UTF8->UTF16 conversion in c_utility.cpp doesn't have a Qt4 Unicode implementation
Created attachment 17128 [details] implements qt4 unicode in c_utility.cpp
Created attachment 17129 [details] implements qt4 unicode in c_utility.cpp Ooops.. I need to add my copyright at the top :)
Comment on attachment 17129 [details] implements qt4 unicode in c_utility.cpp The patch needs a ChangeLog entry, and the coding style should follow the style guidelines. I know that the ICU code above does not, but it'd be great if new code would. In particular, the use of C-style casts, and the one-line for statement with strange whitespace usage.
Created attachment 17138 [details] implements Qt 4 Unicode path in c_utility.cpp
Comment on attachment 17138 [details] implements Qt 4 Unicode path in c_utility.cpp + *UTF16Length = wcslen(utf16); This won't work correctly if there are null characters in the string, and won't even compile on platforms with a different definition of wchar_t (such as Mac OS X). I think it would be best to take code from <http://www.unicode.org/Public/PROGRAMS/CVTUTF/ConvertUTF.c>, possibly throwing away the ICU-based implementation. Also, see the Latin-1 fallback code path in ICU branch - I think we'd like to have it on all platforms.
Created attachment 17161 [details] Changes implementation of convertutf8toutf16 to use unicode.org conversion function Alright, changes implementation to use unicode.org sources. ap was iffy on adding the files in their entirety, but I don't see a problem with it.
Tossing my two cents.
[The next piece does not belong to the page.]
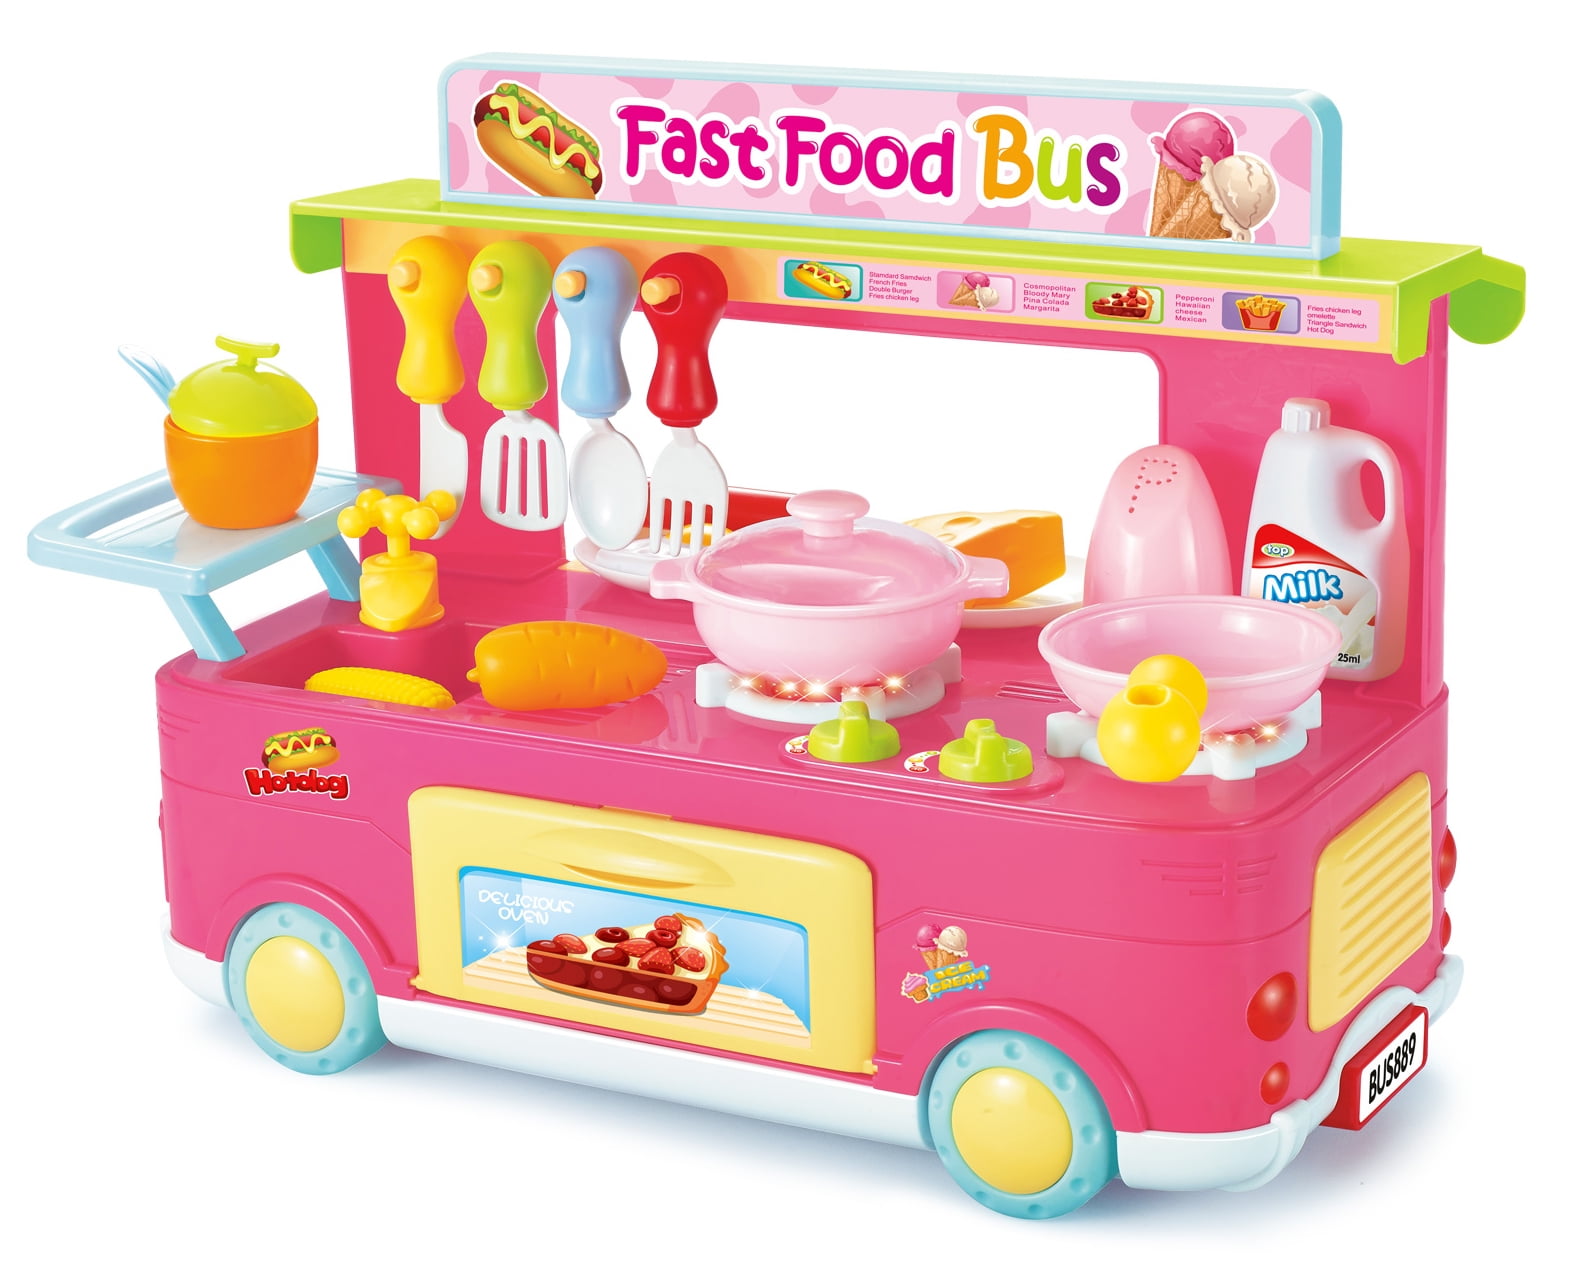 29Pcs Children's Campus Fast Food Bus Cooking Pretend Role-playing Toy Set H

I care a lot for the binary size. So this adds 30k of code for something already available in the toolkit so please make it optional to use the built-in codec...
Comment on attachment 17161 [details] Changes implementation of convertutf8toutf16 to use unicode.org conversion function Agreed, this is adding a lot of code we just don't need in Qt afaik.
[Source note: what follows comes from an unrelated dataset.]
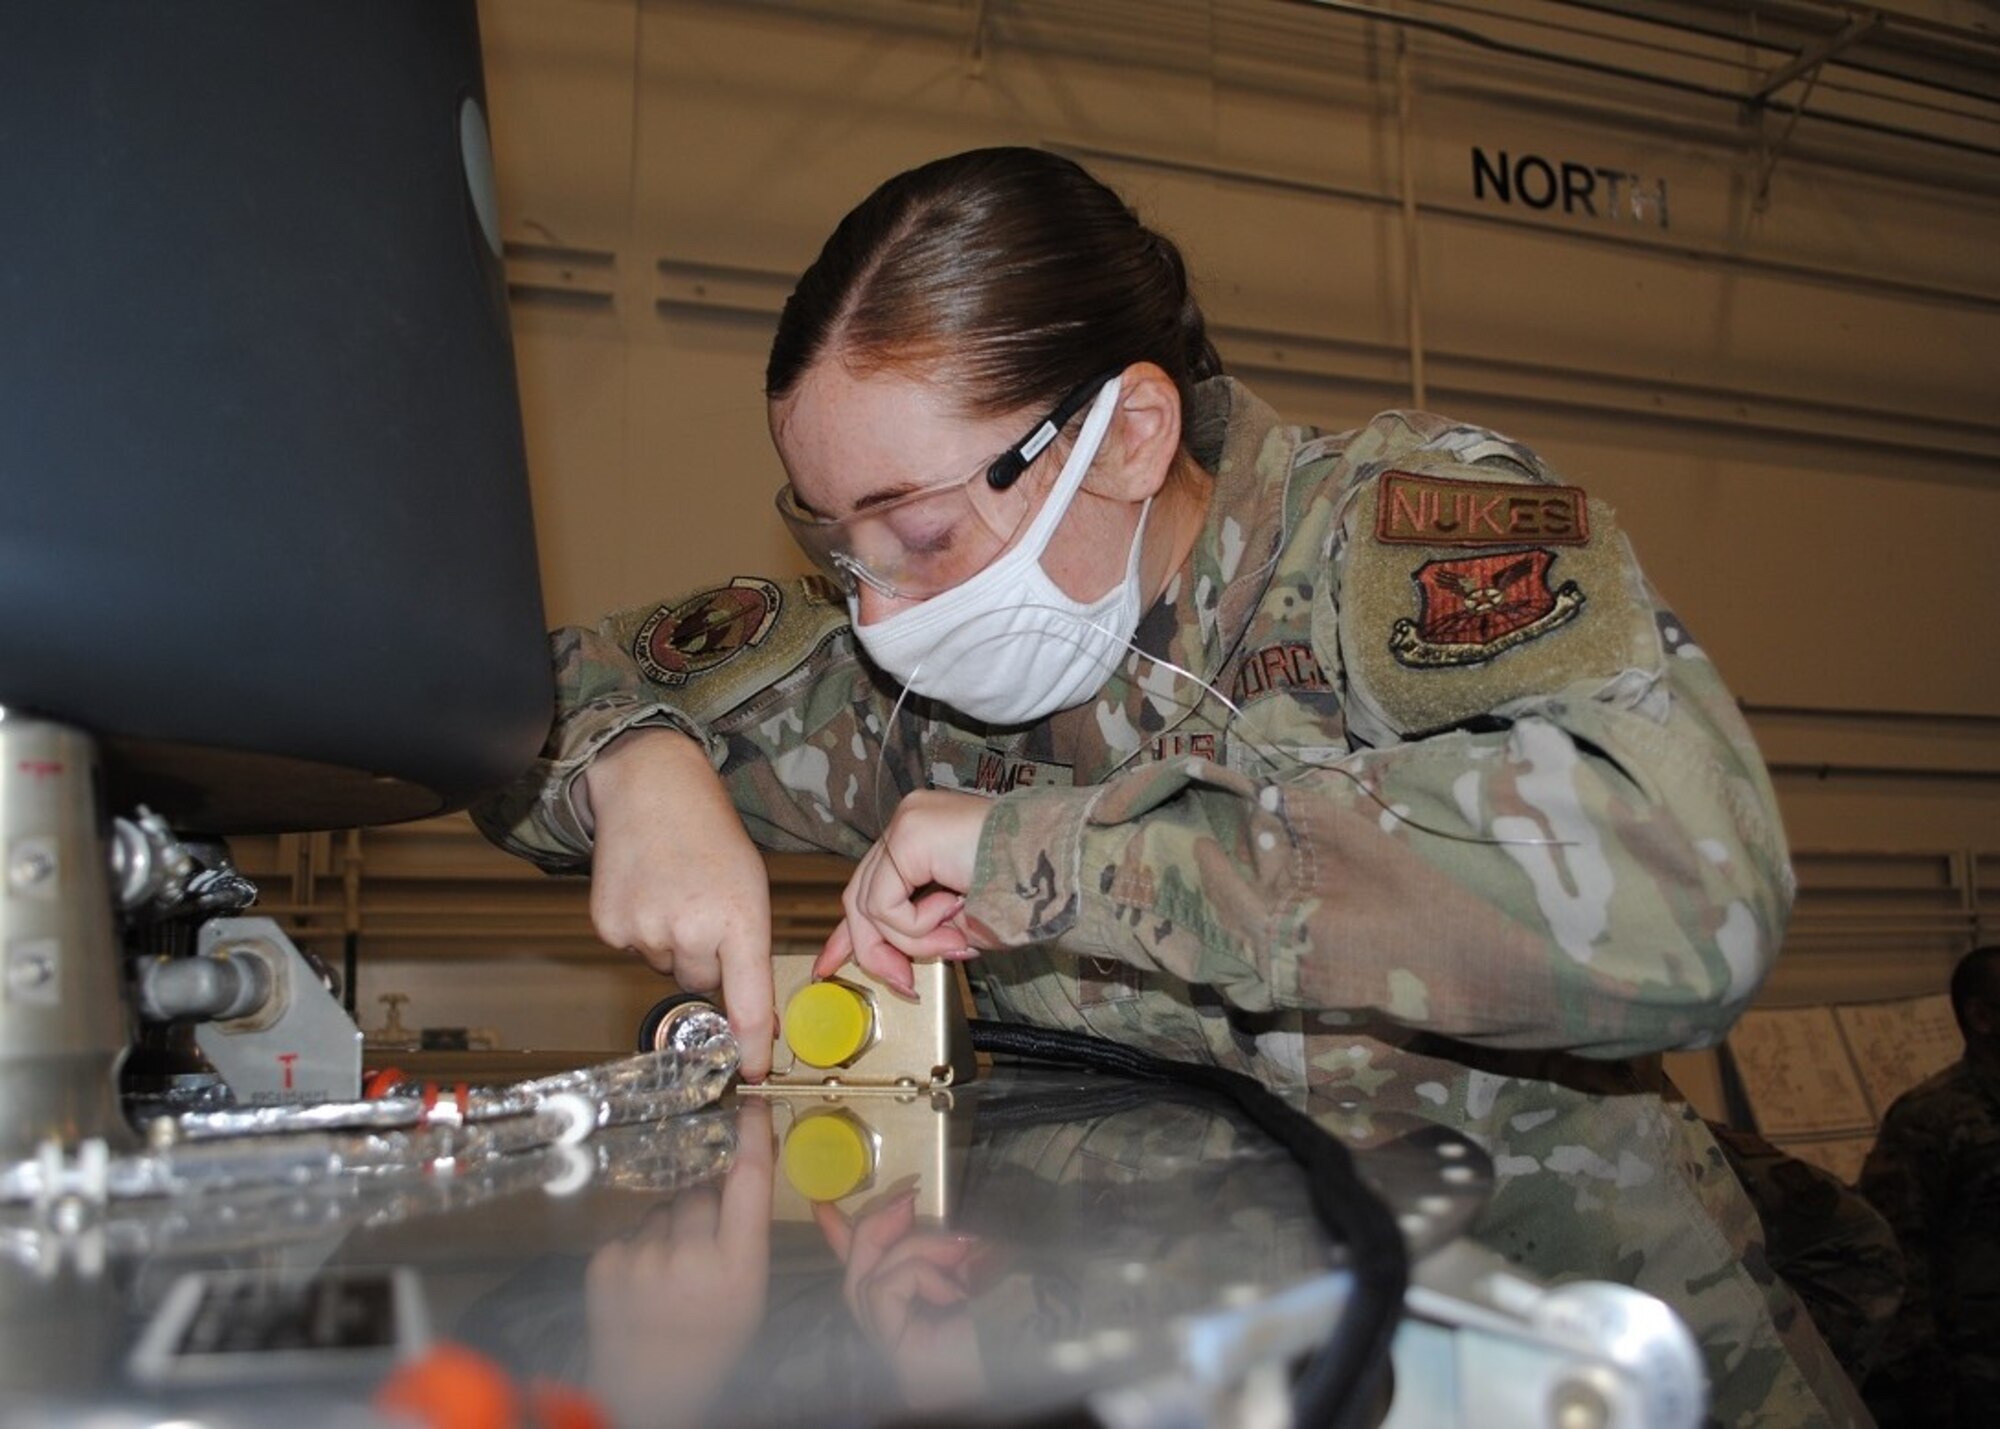 An Air Force NCO works on hardware.

(In reply to comment #7) > So this adds 30k of code for something already available in the toolkit so please make it optional > to use the built-in codec... Hmm, where do these 30K come from? We only use a single tiny function (I assume you do have dead code stripping enabled). I don't think such a trivial operation warrants having platform-specific branches. I was actually considering making a custom UTF-8 decoder for WebCore, too - just as with Latin-1, it's bad for performance to initialize the whole codec registry just for those.
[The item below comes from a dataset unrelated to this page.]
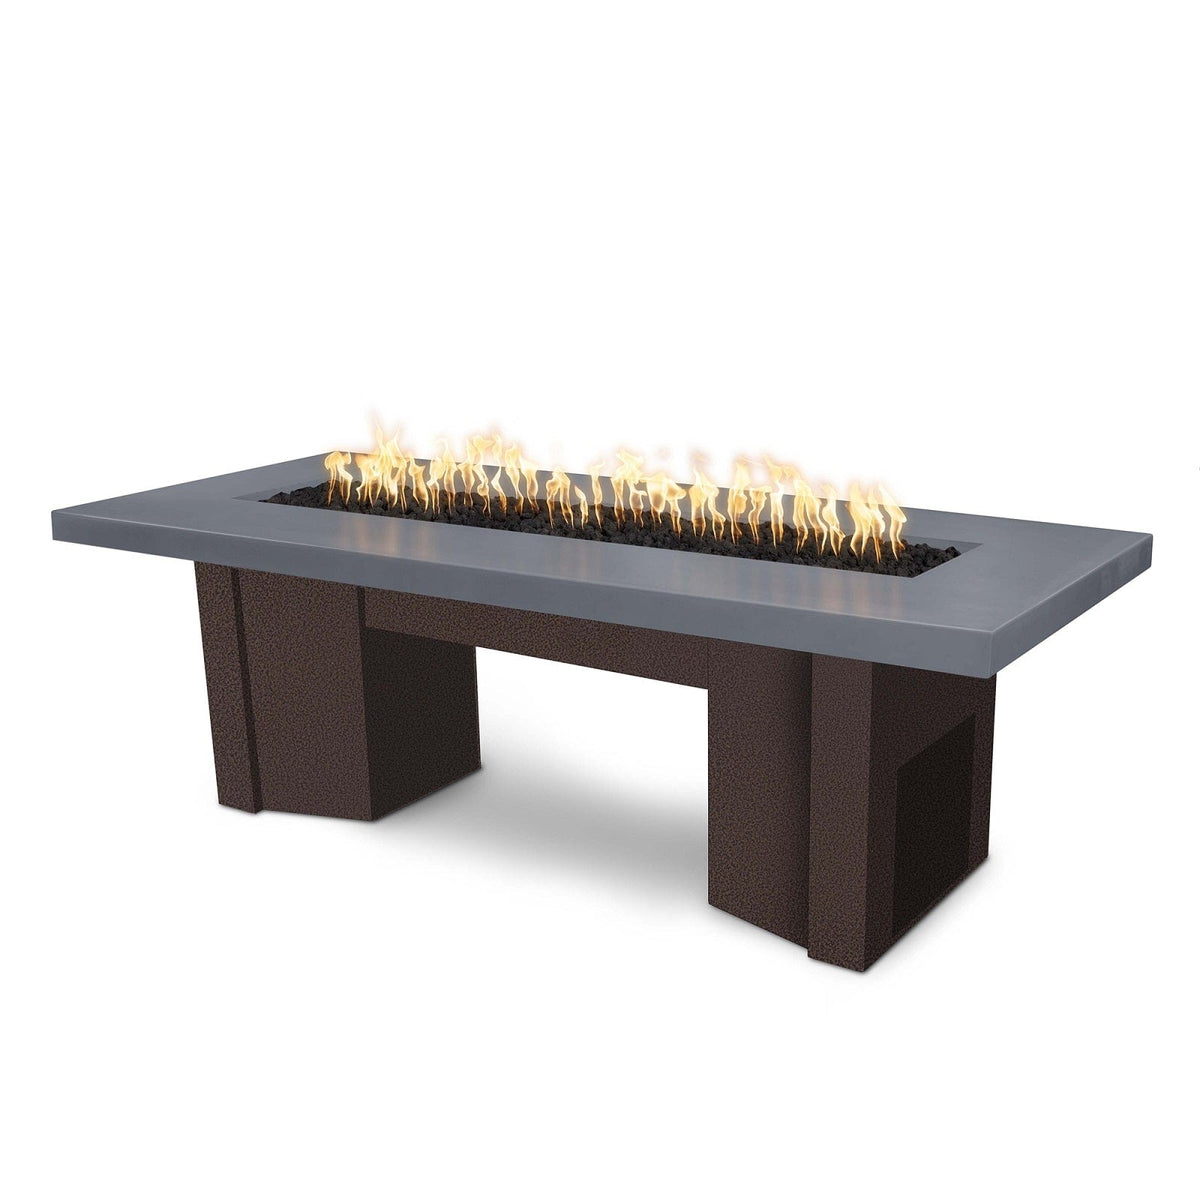 The Outdoor Plus Fire Features Gray (-GRY) / Copper Vein Powder Coated Steel (-CPV) The Outdoor Plus 78&quot; Alameda Fire Table Smooth Concrete in Natural Gas - 110V Plug &amp; Play Electronic Ignition / OPT-ALMGFRC78EKIT-NG

Darin suggests that it would be best to have UTF-8 decoding in one place, such as wtf/unicode. UString::UTF8String() can go there, too.
(In reply to comment #10) > Darin suggests that it would be best to have UTF-8 decoding in one place, such > as wtf/unicode. UString::UTF8String() can go there, too. Doing that in bug 15953. Keeping this bug open for port authors to consider adding platform-specific branches.
Closing this bug since r30794 consolidates this into WebCore::String::fromUTF8, which uses the TextEncoding/TextEncoder infrastructure.